Immediately prior to the Mother’s filing of the motion to modify the judgment, the Father quit his job as a managing engineer at a large engineering and construction firm where he averaged over $270,000 in annual income over the previous few years. The Father testified at the trial that he quit his job because it required him to work up to eighty hours per week as well as significant travel which took away from the time he could spend with his children. He further testified he could find a job that did not require travel but that the pay would likely only be $80,000 per year. Mother of course wanted his income imputed at the $370,000 level he was paid at the position he voluntarily left. More importantly, during the final day of trial, the Father indicated that in over two years he had not submitted a single job application and had actually declined interviews from recruiters because the positions required travel.

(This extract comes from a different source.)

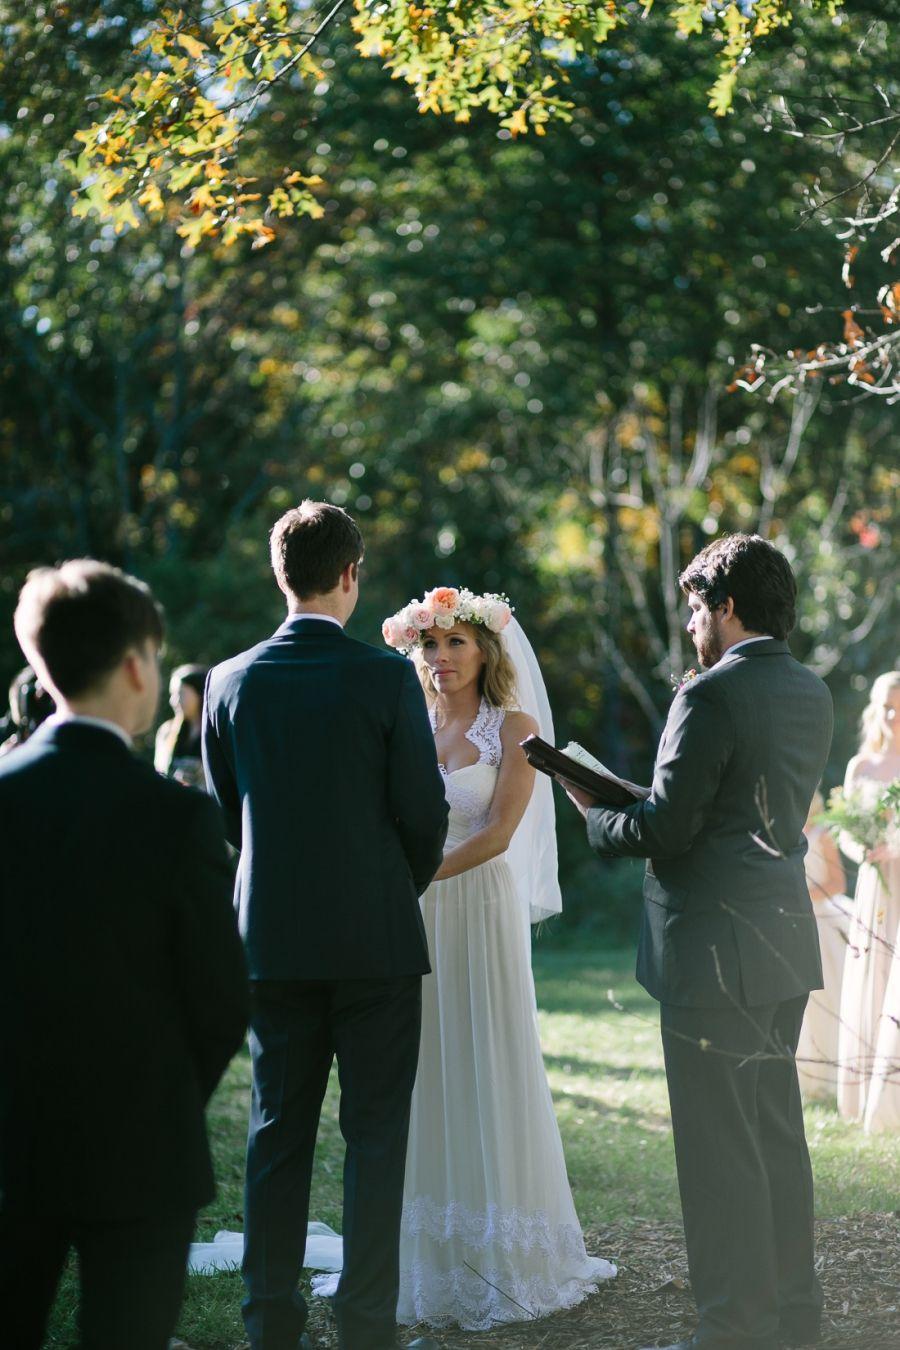 Allie Jordan pinalexis martin on j&a wedding | springfield mo

The trial court concluded that the Father did not provide credible evidence justifying his sudden and voluntary departure from employment, and had a stellar reputation among colleagues after more than thirty years in his engineering field. Therefore, the trial court, to the Father’s dismay, imputed his income at $273,758 resulting in a presumed child support amount of $3175 per month. As you may have guessed, Father appealed the Trial Court’s Judgment of Modification regarding imputation of his income to the amount he earned while previously employed as an engineer.

The Father argues on appeal that the trial court errored because it lacked evidence to support the allegation that he intentionally quit his job to avoid paying child support and argues that his income should be imputed at a lower level given his inability to find a job without travel to allow him to exercise his desire to spend more time with his children. The appellate court determined that the Father’s decision to quit his job at the same time his ex-wife filed her motion to modify constituted a “narcissistic effort” to decrease the amount he would have to pay her, in a power move. The Court’s view was substantiated by the Father’s testimony that he had not only refused to search for employment, but had actually turned down interview requests for positions of employment.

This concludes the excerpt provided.